India’s export engine gives companies like Econovus a second tailwind. Government-backed trade data shows India’s engineering exports hit a record $122.43 billion in FY26 and accounted for nearly 28% of merchandise exports. More engines, axles, battery packs, solar equipment, and industrial assemblies moving across borders means more demand for packaging that survives transport, meets compliance rules, and wastes less space in containers.

There’s also a category shift happening inside manufacturing itself. Returnable packaging is getting more serious as OEMs chase lower damage rates, cleaner reverse logistics, and less dependence on wood-based formats that create waste and compliance headaches. That doesn’t mean every incumbent supplier disappears.

What to watch after Econovus Packaging funding

Econovus Packaging has raised enough to prove whether this can become a scaled industrial platform or stay a smart niche supplier. The next signals to watch are simple: how fast the Pune plant comes online, whether the design centre helps it win more battery and automotive programs, and how well it expands beyond custom projects into repeatable packaging systems.

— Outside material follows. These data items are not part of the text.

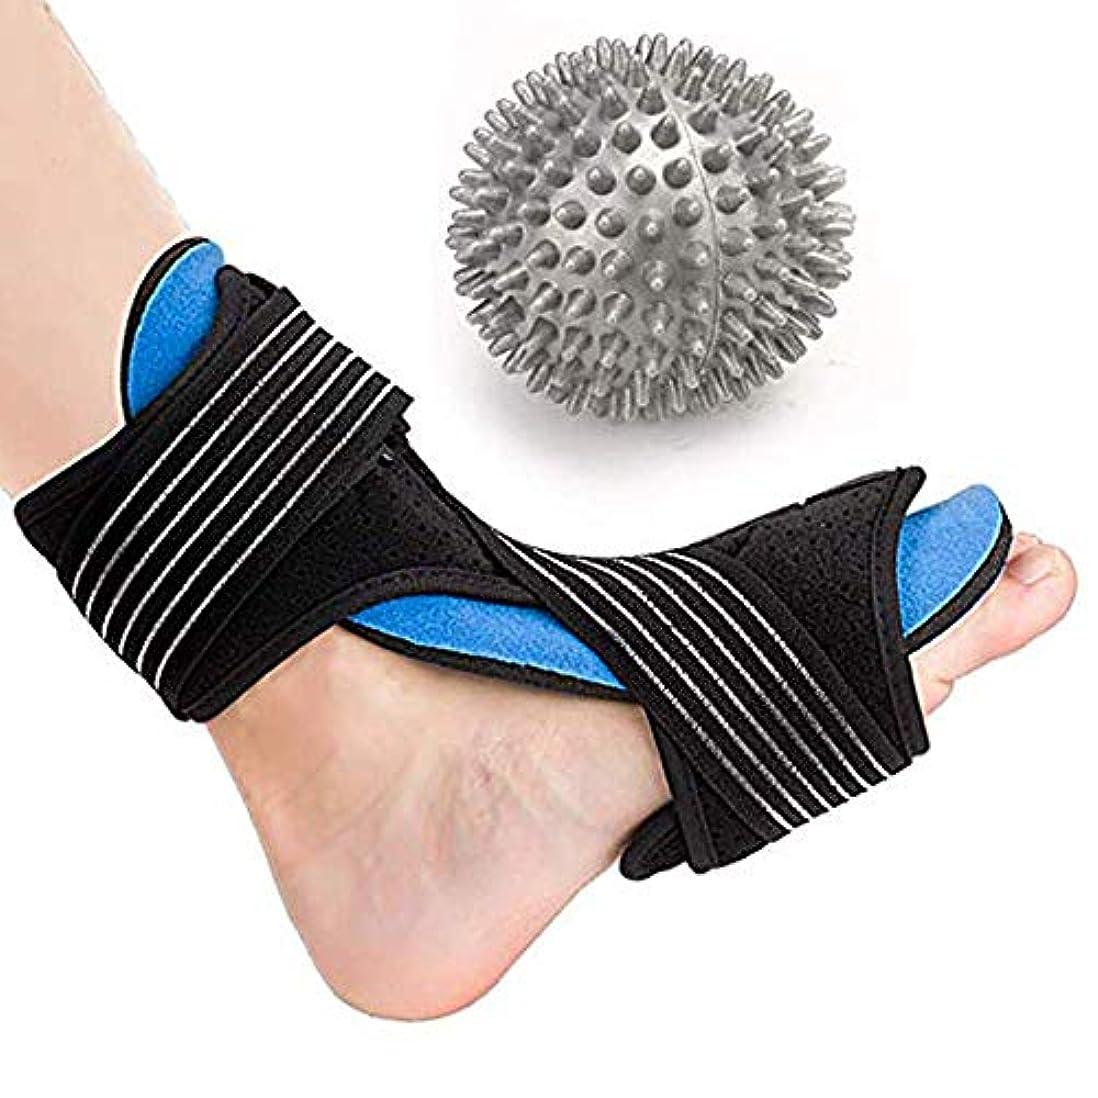 怖がって死ぬ軍艦壮大な足底筋膜炎の痛み、かかとの痛み、アーチの足の痛み、足のドロップの装具を効果的に緩和するための足底筋膜炎ナイトスプリント、ハードスパイキーマッサージボールアーチ付きの睡眠サポート
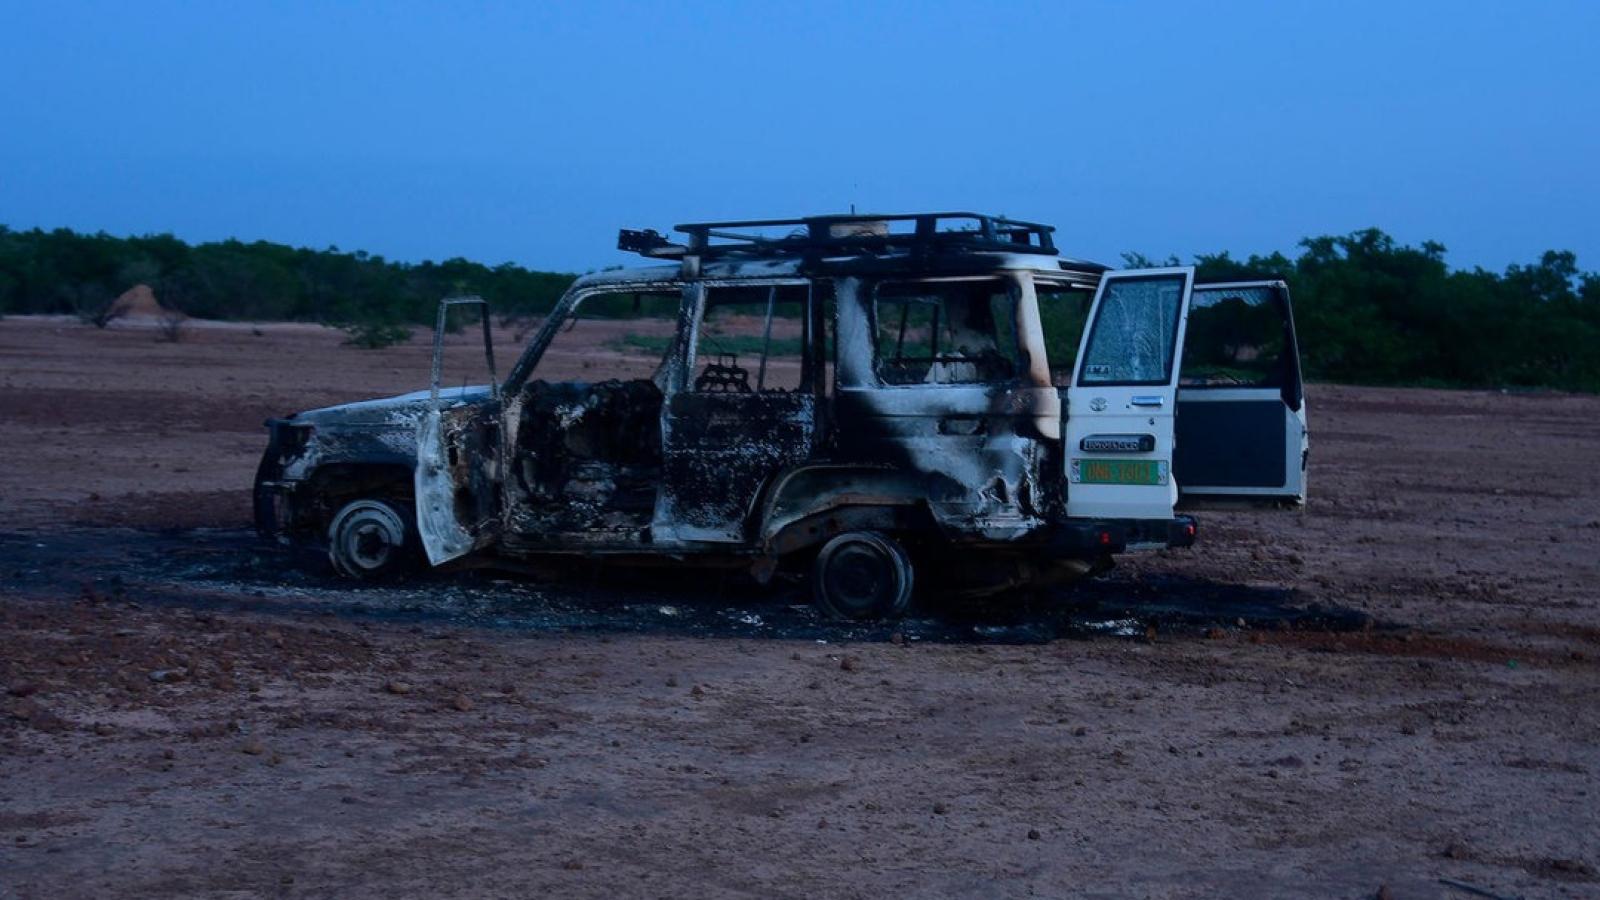 Tổ chức IS nhận trách nhiệm về vụ sát hại 6 người Pháp tại Niger
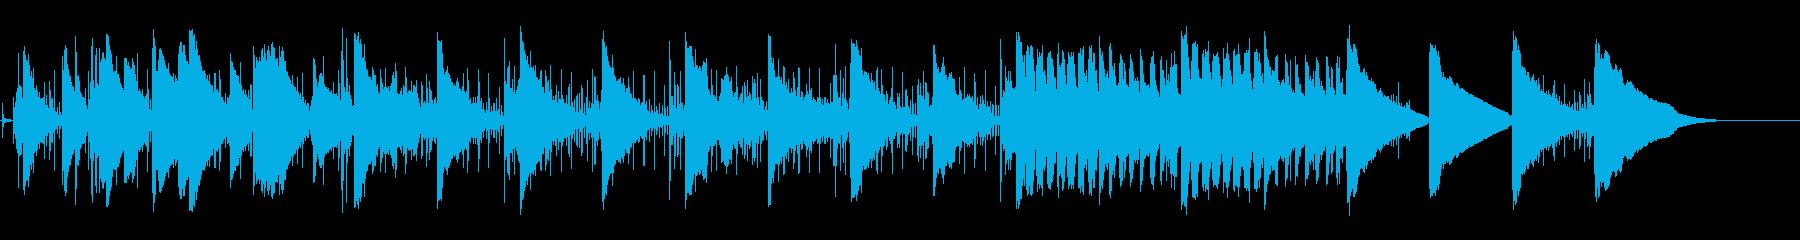 孤独を愛するロボットのイメージ曲の再生済みの波形

Read how Chemistry Ventures is raising a $500M second fund to back early-stage AI startups with concentrated seed and Series A investments led by experienced venture partners.

FAQ

  • What funding did Econovus Packaging raise? Econovus Packaging raised ₹40 crore in a pre-Series A round announced on July 7, 2026. Rainmatter, Zerodha’s investment arm, led the round, and Rockstud Capital also participated.
  • How does Econovus Packaging work? It works like an engineering-led packaging partner for industrial customers, not a plain packaging vendor. The company uses a 10-step development process that runs from requirement mapping and design through simulation, prototyping, testing, pilot supplies, and production. It also offers returnable systems with asset tracking plus UN3480-certified lithium-ion battery packaging.
  • Who founded Econovus Packaging? Ramesh Prasad founded Econovus Packaging in January 2019 in Pune. His background is in manufacturing and supply chain work, which explains why the company focuses so heavily on packaging efficiency, process discipline, and industrial use cases instead of consumer branding.
  • Is Econovus Packaging in the sustainable packaging market or the manufacturing market? It’s in both. Econovus sits inside sustainable industrial packaging — a corner of manufacturing where packaging design, logistics, export compliance, and material efficiency all matter — and that niche is getting a lift from India’s expanding green packaging demand and record engineering exports.